OK. I spend all of my time in salt & brackish water targeting salwater species, so I really have no knowledge about freshwater fishing.

We are heading to the Spanish Trail Scout Reservation (Camp Euchee) in a couple of weeks and I really want to put somescouts on some fish. We plan tofish from canoes, unless there is somewhere good to bank fish from.

Anyway, does anyone have any tips or tricks that they can share about the area? Help clue me in so that I can put these scouts on some fish!

I know that I'm gonna have to re-rig all of my stuff on light line (6# test??) and invest in some new tackle too.


----------



## AUradar (Oct 1, 2007)

are you doing the fam camp? If so, don't expect a whole lot. They limited you as to how far you could paddle out with the canoe and you had to have an adult for every kid in the canoe. I went last year and I'm pretty sure I'm remembering it correctly.

The first thing I would do is call the scout office and ask them about fishing and, in particularly, fishing during fam camp. See how, and if, you will be limited and then go from there. Also, they'll be able to tell you what you will be fishing for and which will help out in you answers from the forum.


----------



## Cornflake789 (Oct 10, 2008)

I go to that lake all the time when Im working at Euchee doing OA workdays and working family camp and I must say that lake is pretty much empty. To get any fish at all you need to paddle over to the camp Jambo side of the lake and throw some bait along the overhung bank over there.


----------



## billyk (Nov 15, 2007)

I always found that lake hard to fish. Any kid with a snoopy pole, using hotdogs for bait seemed to be able to out fish any Bass Master fishing pro !!

Anyhow, its been years ( by that I mean about 10 ) since I fished that lake, but I had the best luck to the North of the Jambo water front area, along the East bank of that finger. I suspect this is the over hanging bank that Cornflake was talking about.

I also had some good luck in the 2 coves directly north of the Euchee waterfront area, coming around the East side of the lake, up to Whipple Circle.

If you are going up there on a large event, I would hang up any ideas of catching fish in those coves.
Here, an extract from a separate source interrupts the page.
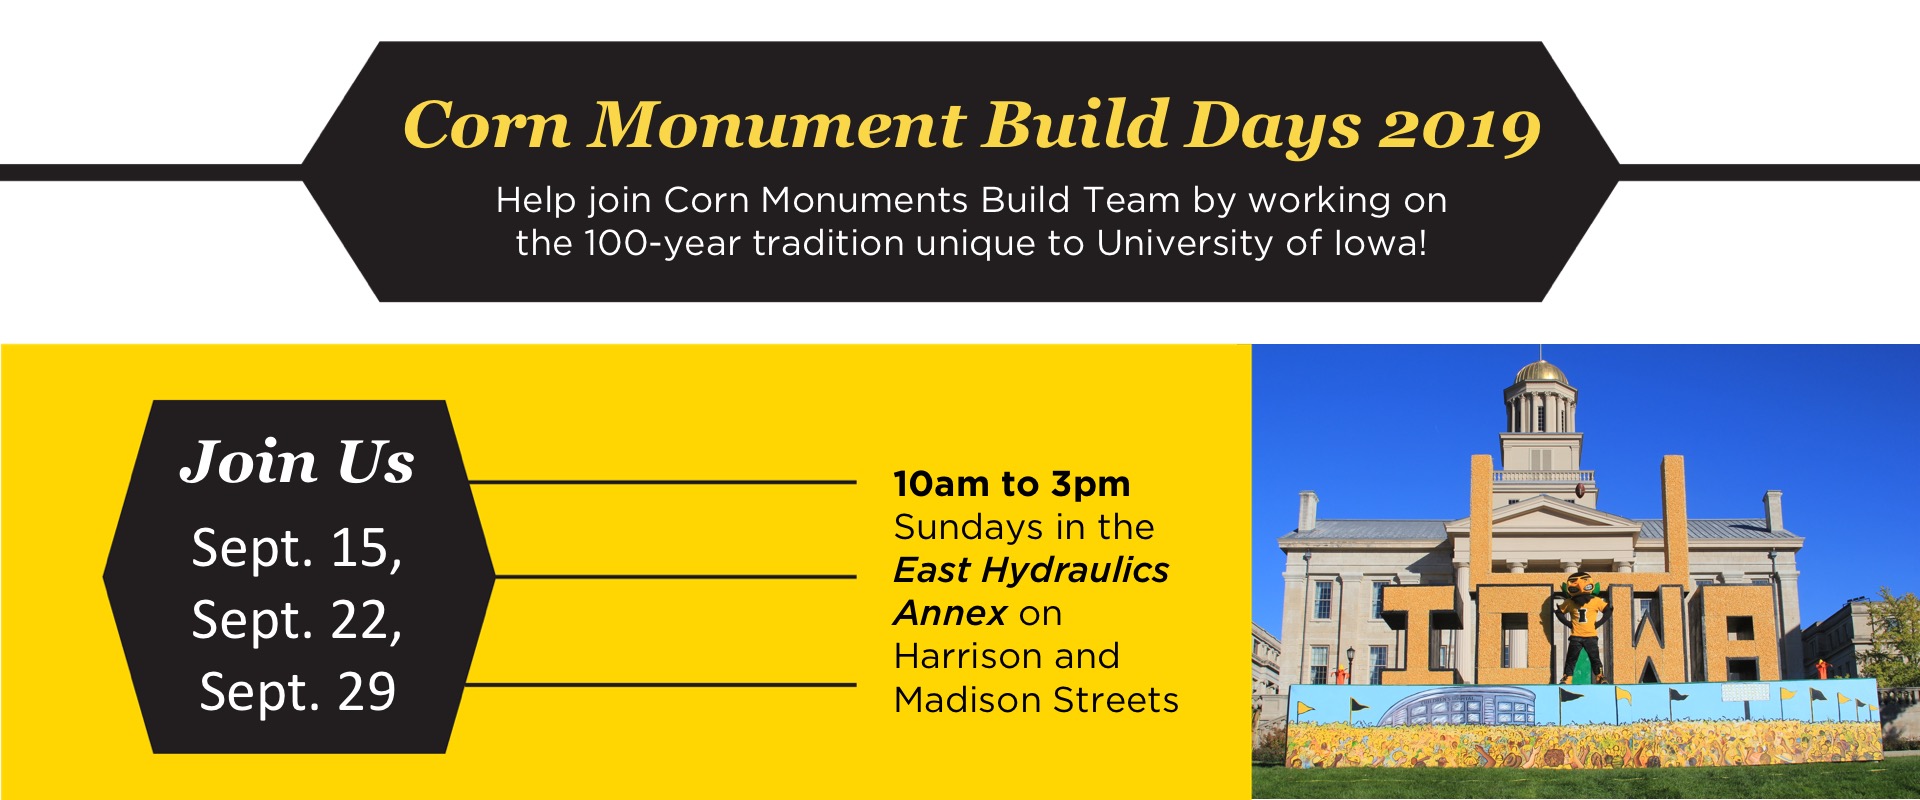 Corn Monument Build Days 2019
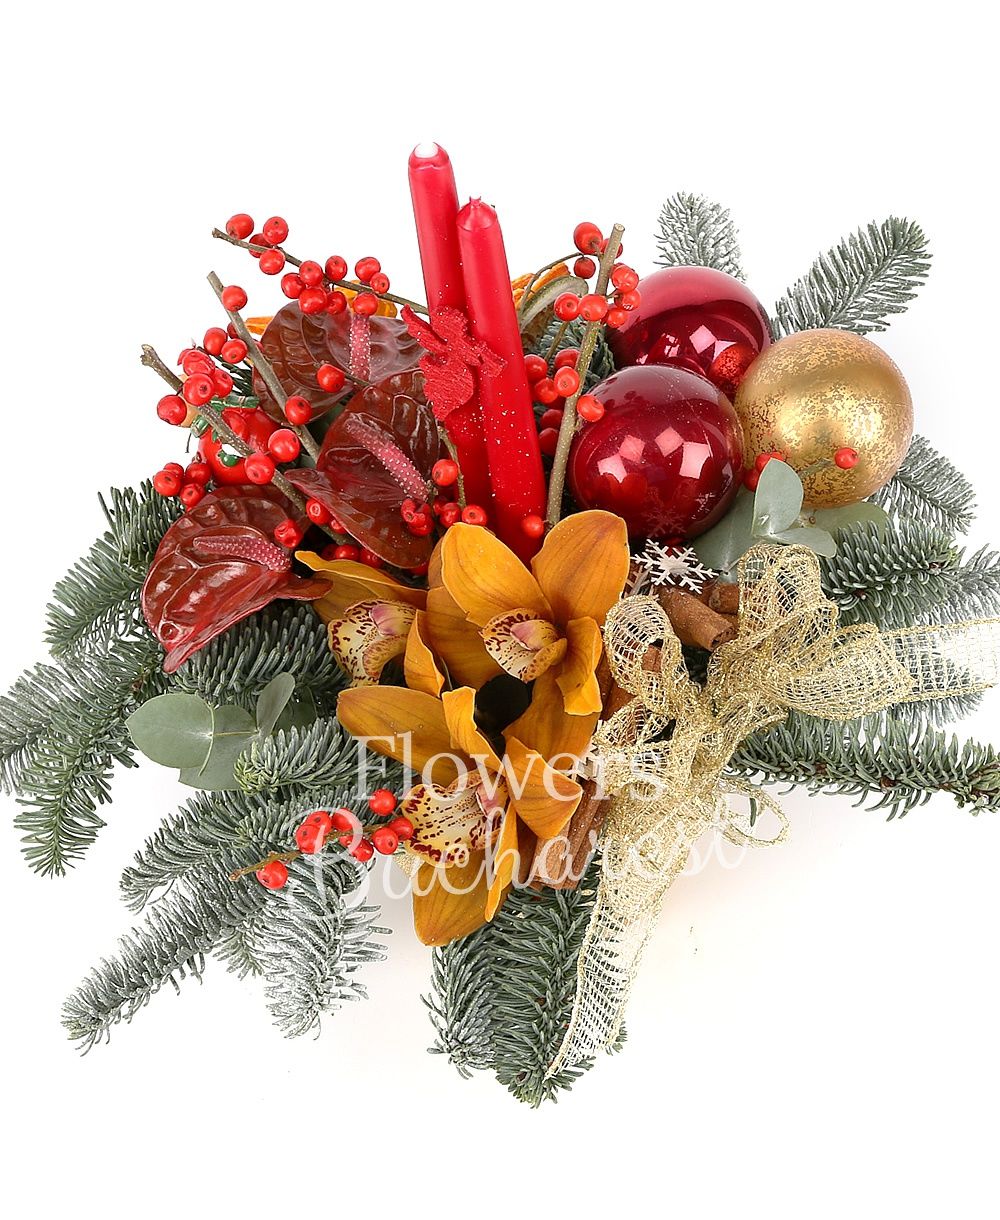 3 red anthurium, ilex, 1 yellow cymbidium, globes, dried fruits, candle, fir

The only time I saw fish in there was after the summer camp season, and when the camp was empty.

I have never seen any fish East of the Foot bridge, and not many at all on any of the Western shore.

Good Luck with the fishing !! Post some reports if ya can !! I have seen some quality fish in there, just tough to get them to commit to the hook !!


----------



## 60hertz (Oct 1, 2007)

All - thanks for the feedback. Sounds like it may be a good weekend to leave the tackle at the house.


----------



## AUradar (Oct 1, 2007)

I don't know why those ponds aren't stocked


----------



## Cornflake789 (Oct 10, 2008)

Camp Euchee is to stinkin cheap


----------